For \( I = \begin{bmatrix} 1 & 0 \\ 0 & 1 \end{bmatrix} \), if \( A = \begin{bmatrix} a & b \\ c & -a \end{bmatrix} \) be such that \( A^2 = I \), then :

• A. \( 1 + a^2 + bc = 0 \)
• B. \( 1 - a^2 - bc = 0 \)
• C. \( 1 - a^2 + bc = 0 \)
• D. \( 1 + a^2 - bc = 0 \)

Hint:

For any matrix \( A = \begin{bmatrix} a & b \\ c & d \end{bmatrix} \), the Cayley-Hamilton theorem states \( A^2 - (Tr(A))A + |A|I = 0 \).
If \( Tr(A) = 0 \), then \( A^2 = -|A|I \).
For \( A^2 = I \), we need \( -|A| = 1 \), which means \( |A| = -1 \).
The determinant \( |A| = -a^2 - bc \).
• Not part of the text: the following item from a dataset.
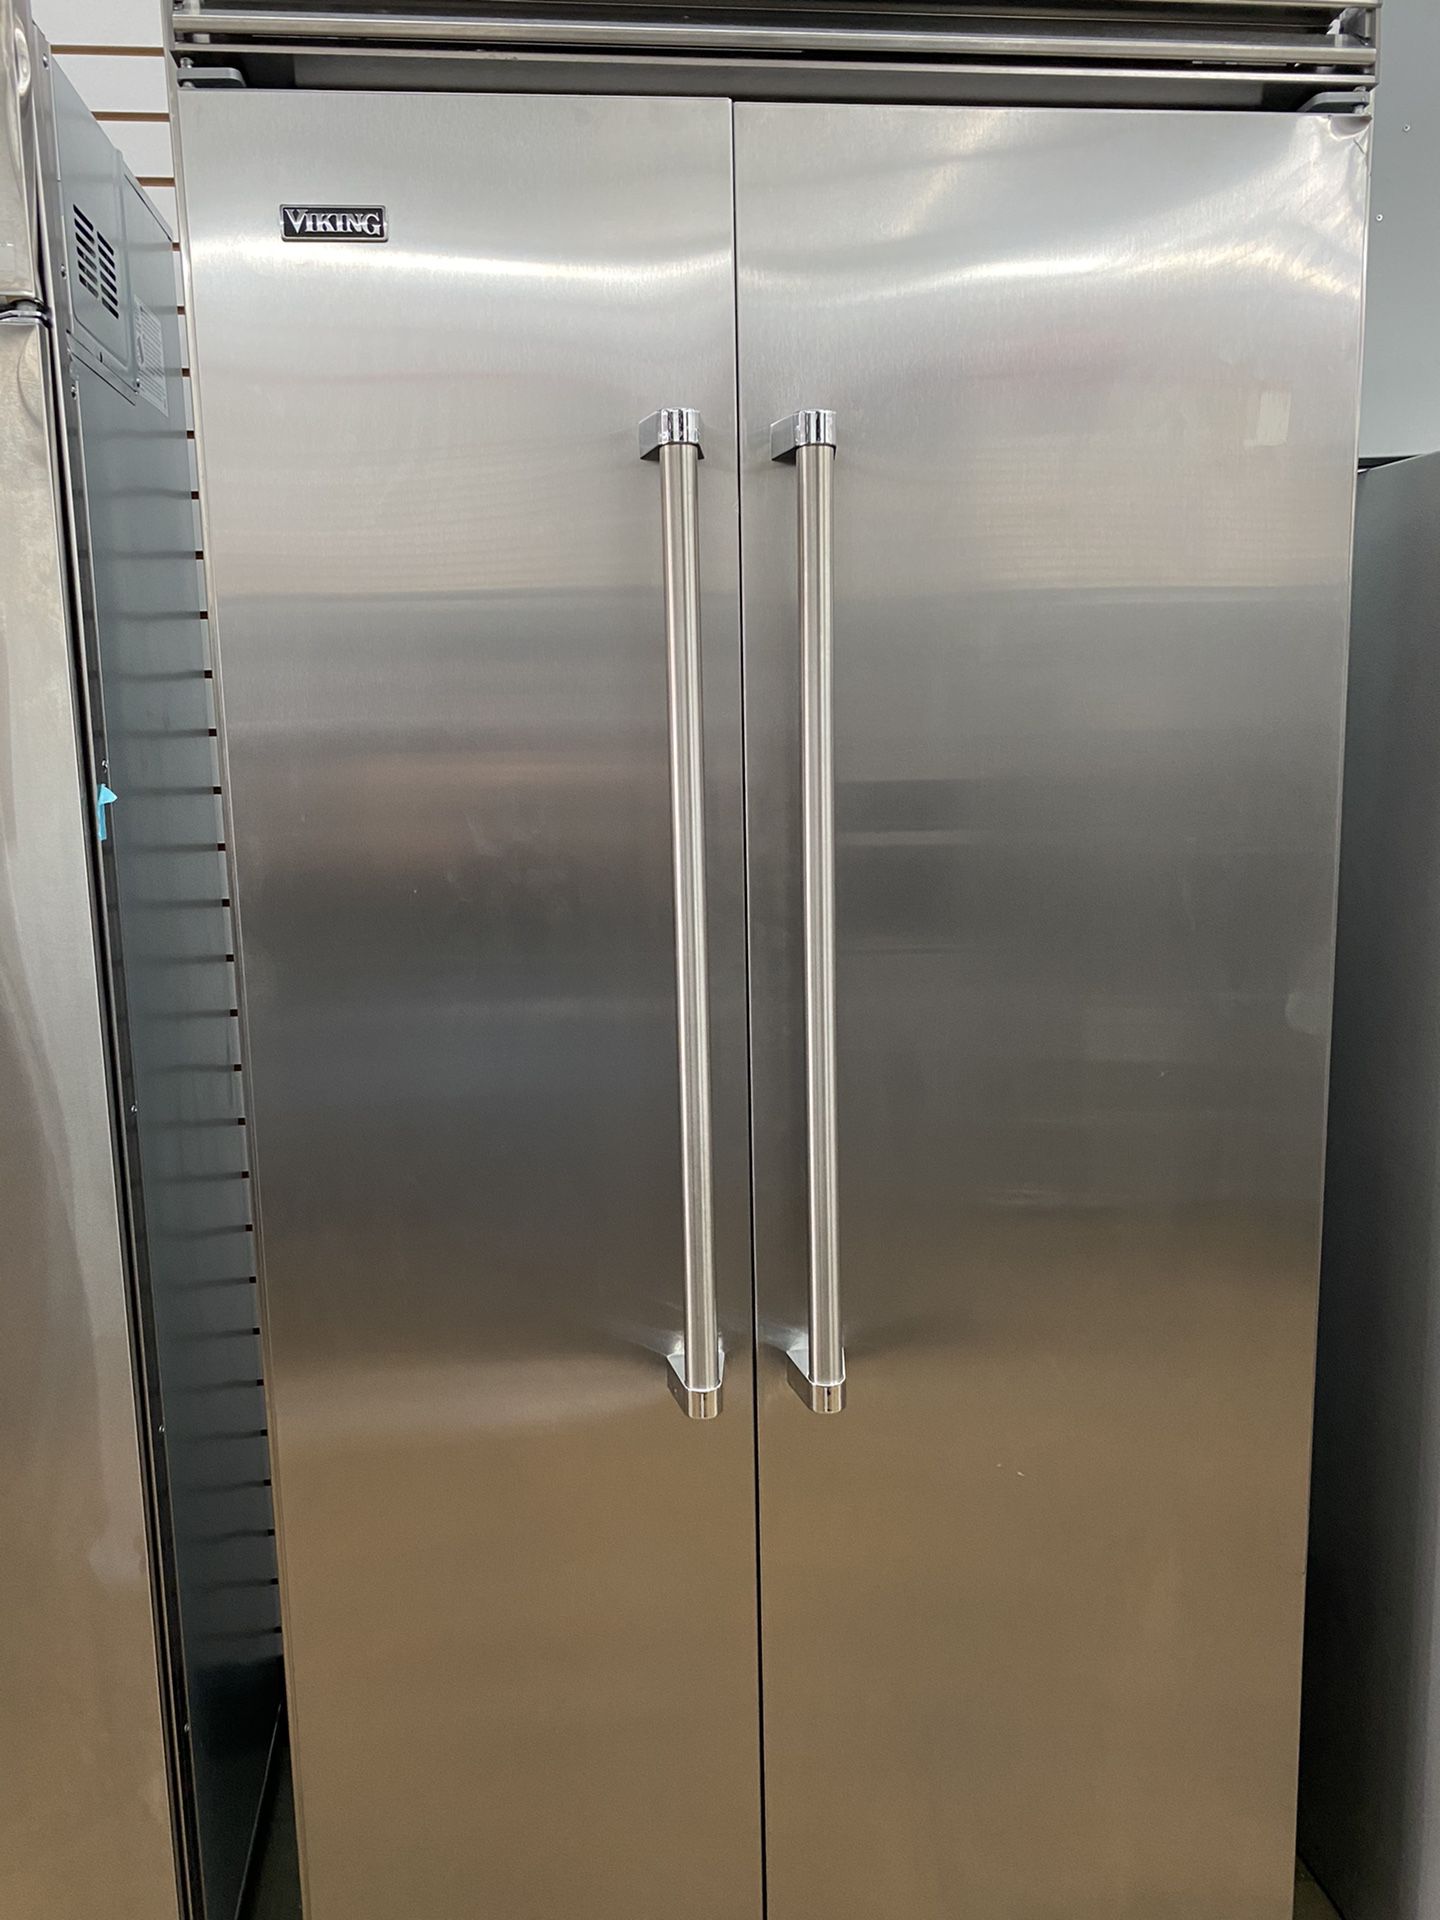 Refrigerator, Viking, kissimmee, kek appliances, $39 down payment, ask for enas

Setting \( -a^2 - bc = -1 \) gives \( a^2 + bc = 1 \).

Answer 1

The Correct Option is B

Step 1: Write out the square.
We are told $A^2 = I$. So let us multiply $A$ by itself and see what comes out.
\[ A^2 = \begin{bmatrix} a & b \\ c & -a \end{bmatrix}\begin{bmatrix} a & b \\ c & -a \end{bmatrix} \]
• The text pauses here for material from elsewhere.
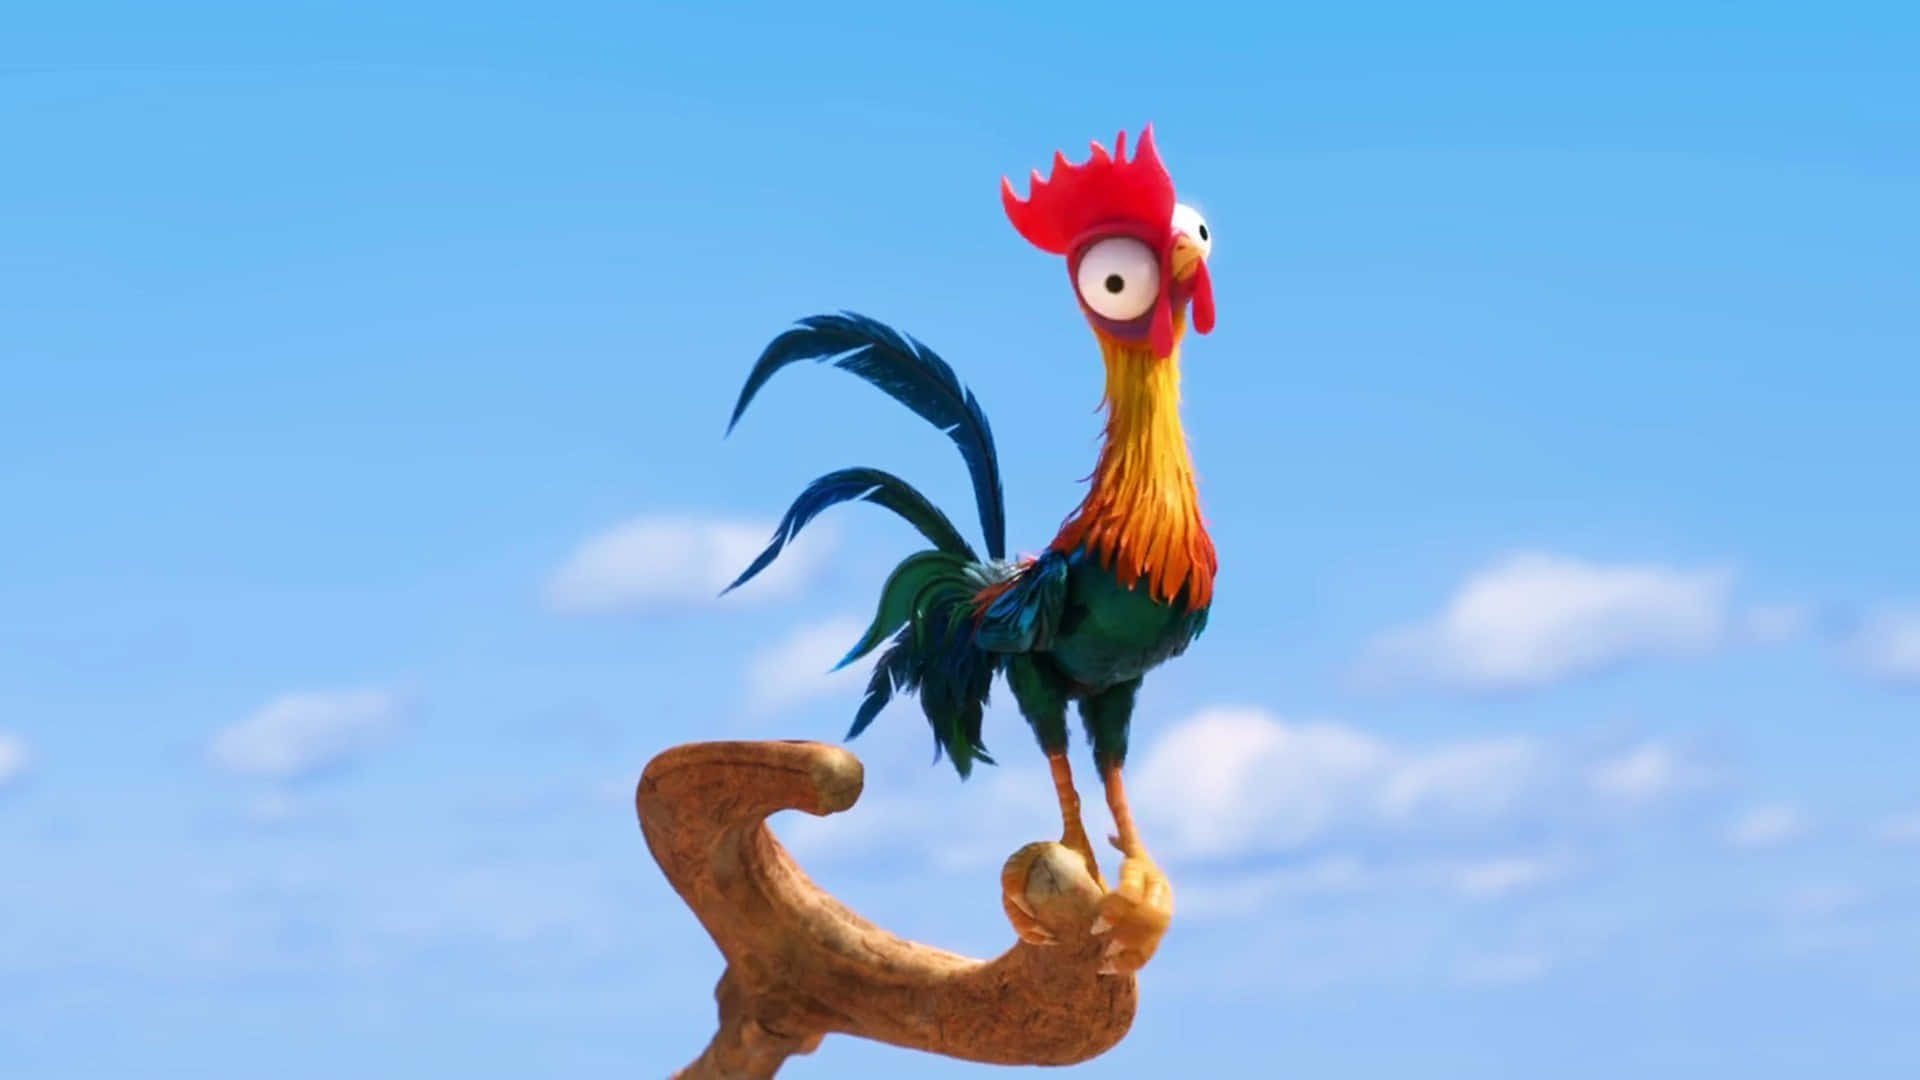 Colorful Animated Roosteron Branch Wallpaper

Step 2: Fill in each entry.
The top left is $a\cdot a + b\cdot c = a^2 + bc$. The top right is $ab - ab = 0$. The bottom left is $ca - ac = 0$. The bottom right is $cb + a^2 = a^2 + bc$.
\[ A^2 = \begin{bmatrix} a^2+bc & 0 \\ 0 & a^2+bc \end{bmatrix} \]

Step 3: Match with the identity.
The off diagonal terms are already zero, just like in $I$. So we only need the diagonal terms to equal $1$.
\[ a^2 + bc = 1 \]

Step 4: Shape it like the options.
Move both terms across so the right side is zero.
\[ 1 - a^2 - bc = 0 \]
That is option 2.
\[ \boxed{1 - a^2 - bc = 0} \]